Approaching a company without an established personal connection?

Wednesday, January 14th, 2009 - Article, career management, career transition, CV Writing

Hannah asks: I would like to work for an employer where I presently don’t have an advertised position, and in which I have no personal connection. What is the best way to approach the company?

In answer:

The first thing is to only pick out companies which you are wholly passionate about. Don’t go using this or any other direct approach in a mass-multiple manner – it will be seen as spam-like and desperate, and you will be rejected.

Secondly, you need to widen the net from one company. This approach system works best for up to 10 companies, so accepting the often high reject ratio’s of direct approaches, you should choose a minimum of three companies.

The key issue for any job search, let alone a direct one, is research. I cannot stress this enough, because understanding of the company and the way in which it operates, and hence needs skills will pay dividends late in your success ratio. I also cannot stress this enough, because as a recruiter it is pretty obvious that most candidates are just photocopying job applications and expecting results. OK, sure that will work, but only on a metric of 1 in 100 applications. Good and thorough research takes around an hour online at maximum to be able to pick up on the key issues in any company, and improve that ratio to one in three or better.
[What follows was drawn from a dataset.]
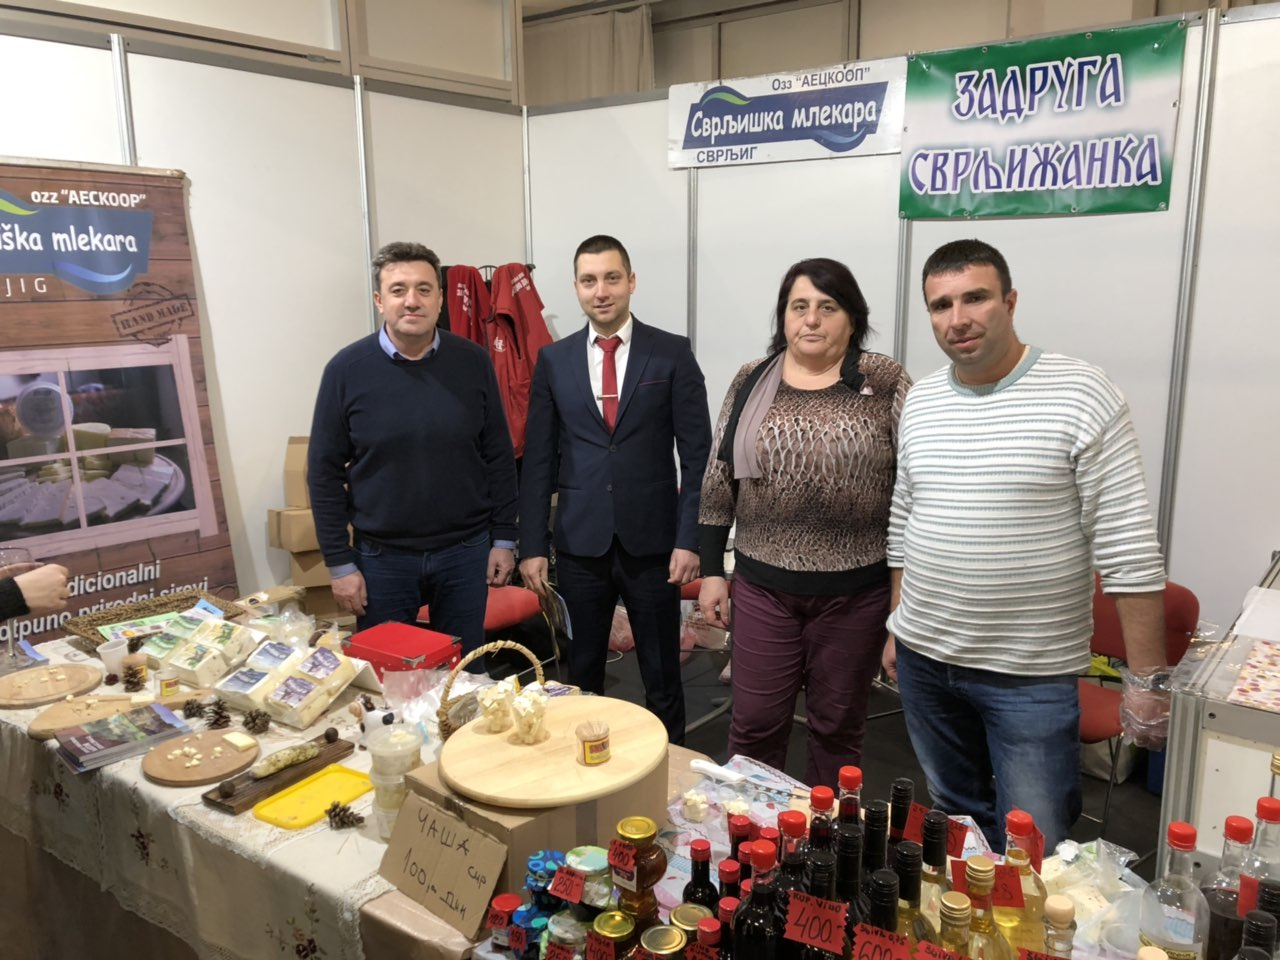 Miroslav Marković na štandu ZZ ,,Svrljižanka'' i mlekare ,,Aeckop''

Once you have done your research, you will have an idea of company structure, market, future focus, and key differentiators. What you are now going to do is to use that research to: write to the best person (structure); with a why them agenda (passion/market); about how your skills (future focus); will help them deliver (differentiator/passion). I hope you now understand why the research bit is so essential – better than spending an hour at a photocopier.

Now you have your target person, you need to find a way of getting to them. A few years ago, you could just write a great Cover Letter – and that still has many advantages; but now Social Networking allows you to test your research and gain an advantage if you can find an insider.
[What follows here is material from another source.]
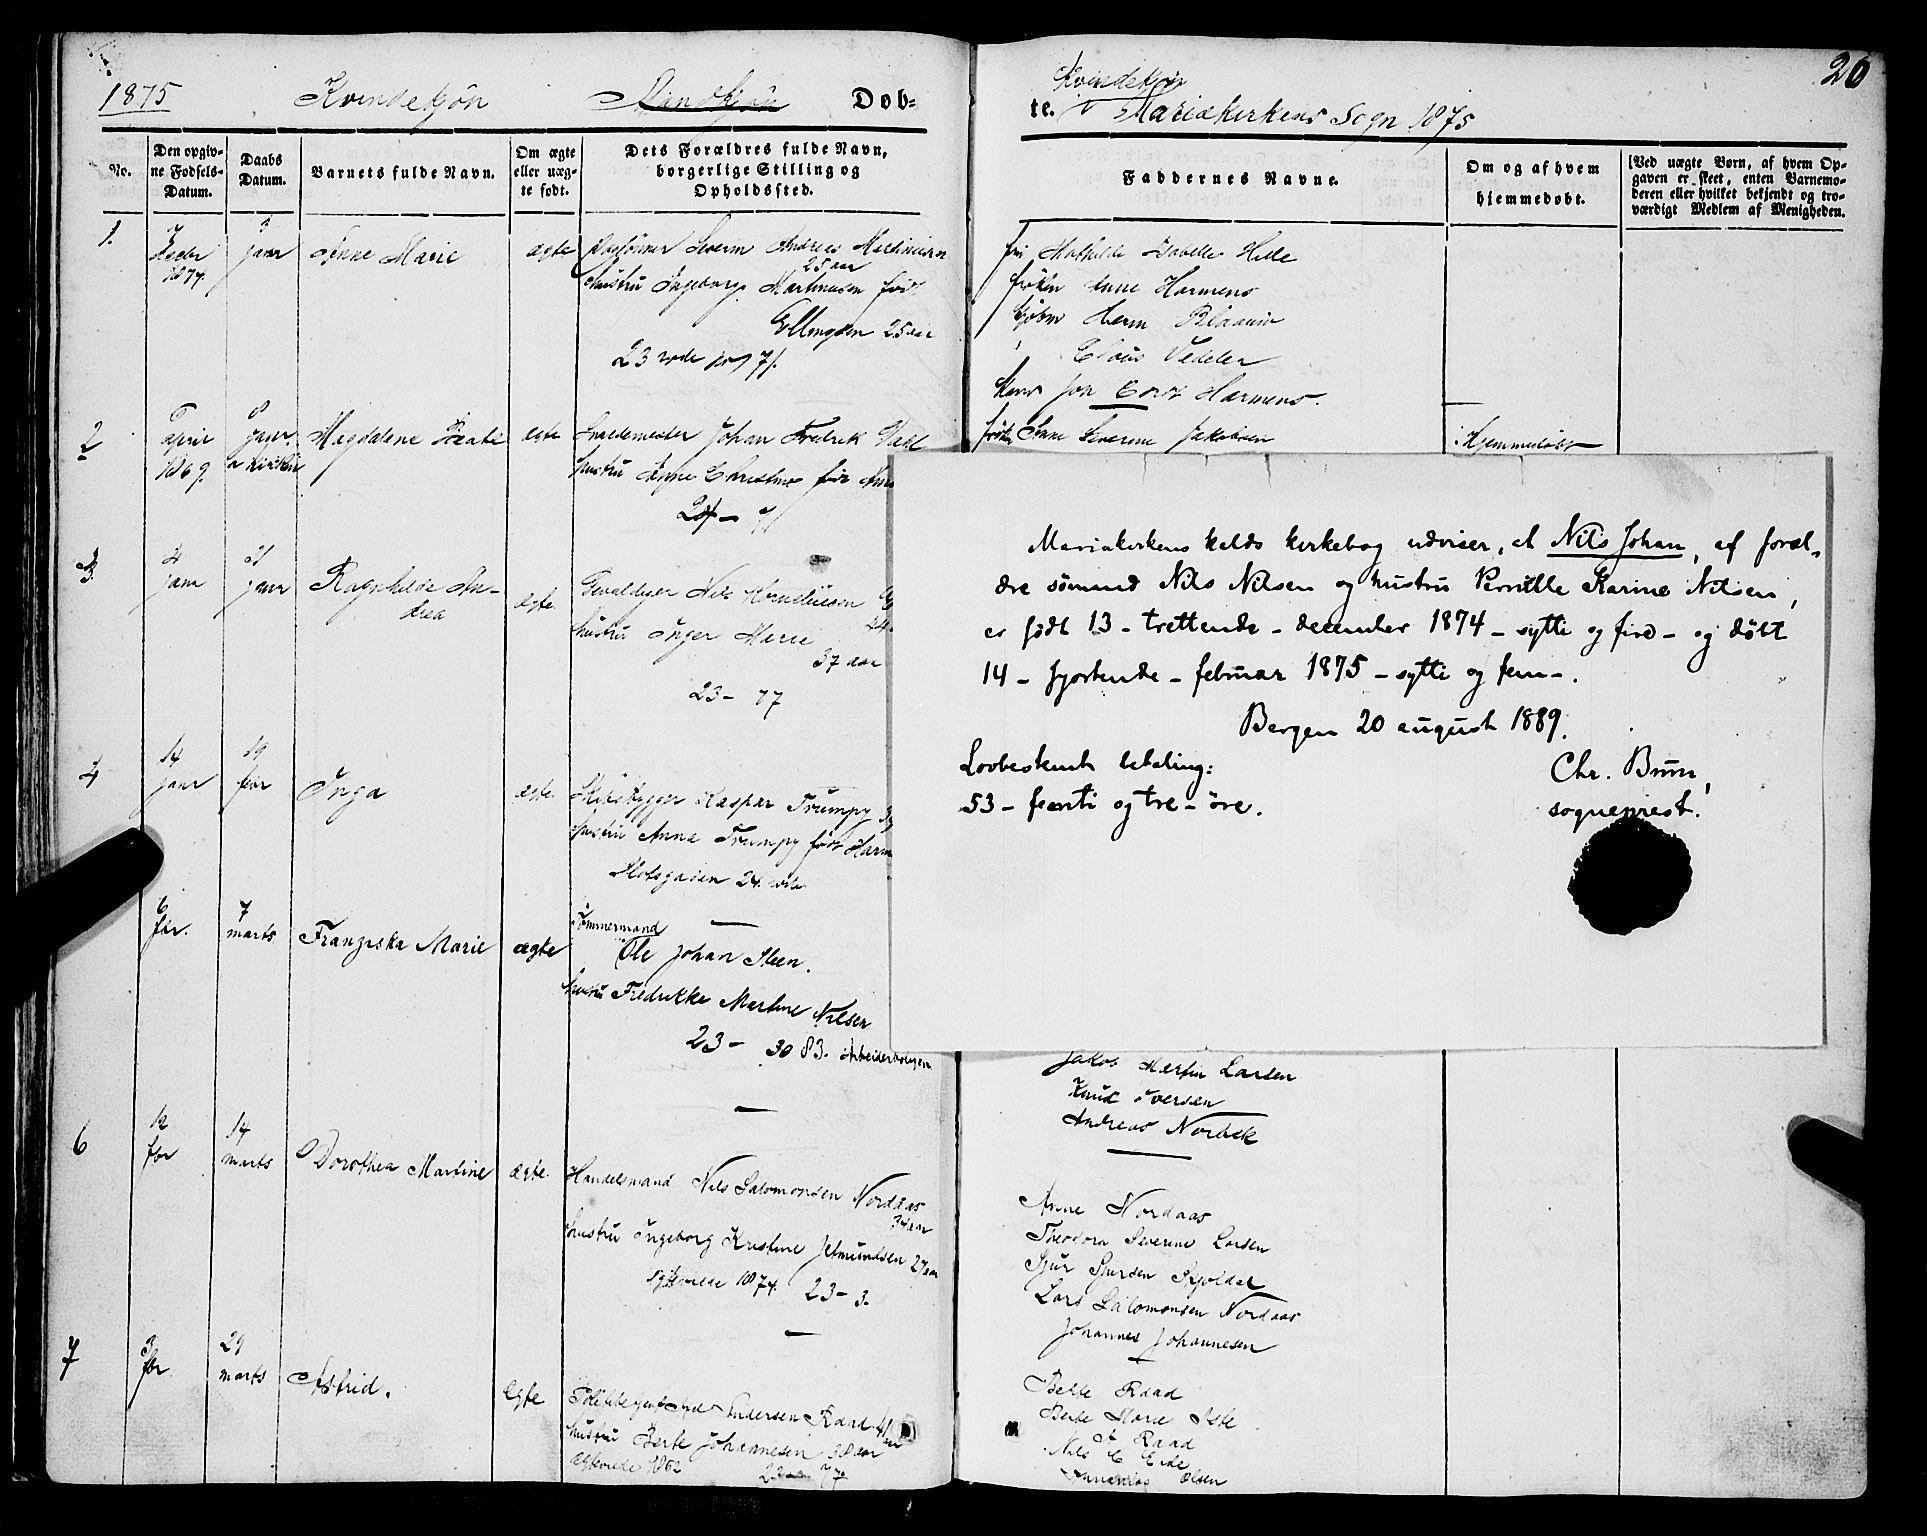 SAB, Mariakirken Sokneprestembete, H/Haa/L0006: Ministerialbok nr. A 6, 1846-1877, s. 20

Using online social networks, you should find people who work in that organisation; who already does the job you think you would like, or re close to your targeted person – I would start with LinkedIn. Send that person an eMail asking for specific advice; not a job:


  • Be up front in your first sentence about who you are and why you are writing. (ie: I’m a student at…interested in entry level PR work. Could you help me with a couple of questions?)
  • Then say why you selected that person and be specific. (I found your profile in LinkedIn and the work you doing at … really interests me .. something that I am considering doing.) 

Then ask specific questions. (ie How did you land your first PR job right out of college? What key things do you look for in an entry-level person? Who should I speak with about intern programs?) Make your questions about things you really want to know. 

Sometimes people worry about “bothering” someone but what you are doing is exploring a possible business transaction which trades your time, skills and talent for their money. The idea is to show respect for the person and their time and still get best possible advice there is…from someone really doing the job.

Lets say that doesn’t work, or you find the contacts you make either are incapable of making an introduction or are negative on the companies hiring prospects: but you still want to work there, as it is one of at least three companies you are truly passionate about working for. You need to write a job pack, consisting of:


  • Cover Letter – with a call to action
  • CV
  • One academic or relevant job-orientated reference – the only time a reference should be included with a job application. Make sure they are pre-briefed
  • A 2page case study: I often suggest taking an existing problem the company has – either a situation or a product for instance (and you will know it’s a problem, because you will have done your research). Use: situation, problem, assessment, strategic options, tactical choices, plan – as the format of that case study: keep it high level

Bind this with a clear cover (ie – showing the Cover Letter), and a card-back, and send it postal service recorded delivery. If you are into media or the arts, you can clearly jazz it up a bit with some evidence of your creative ability (not too much), but if the normal guideline is black and white and simple.

If you have done the research, then you should at least get a phone call – probably from someone in HR, so be prepared. Then its up to you and their standard applicant vetting system.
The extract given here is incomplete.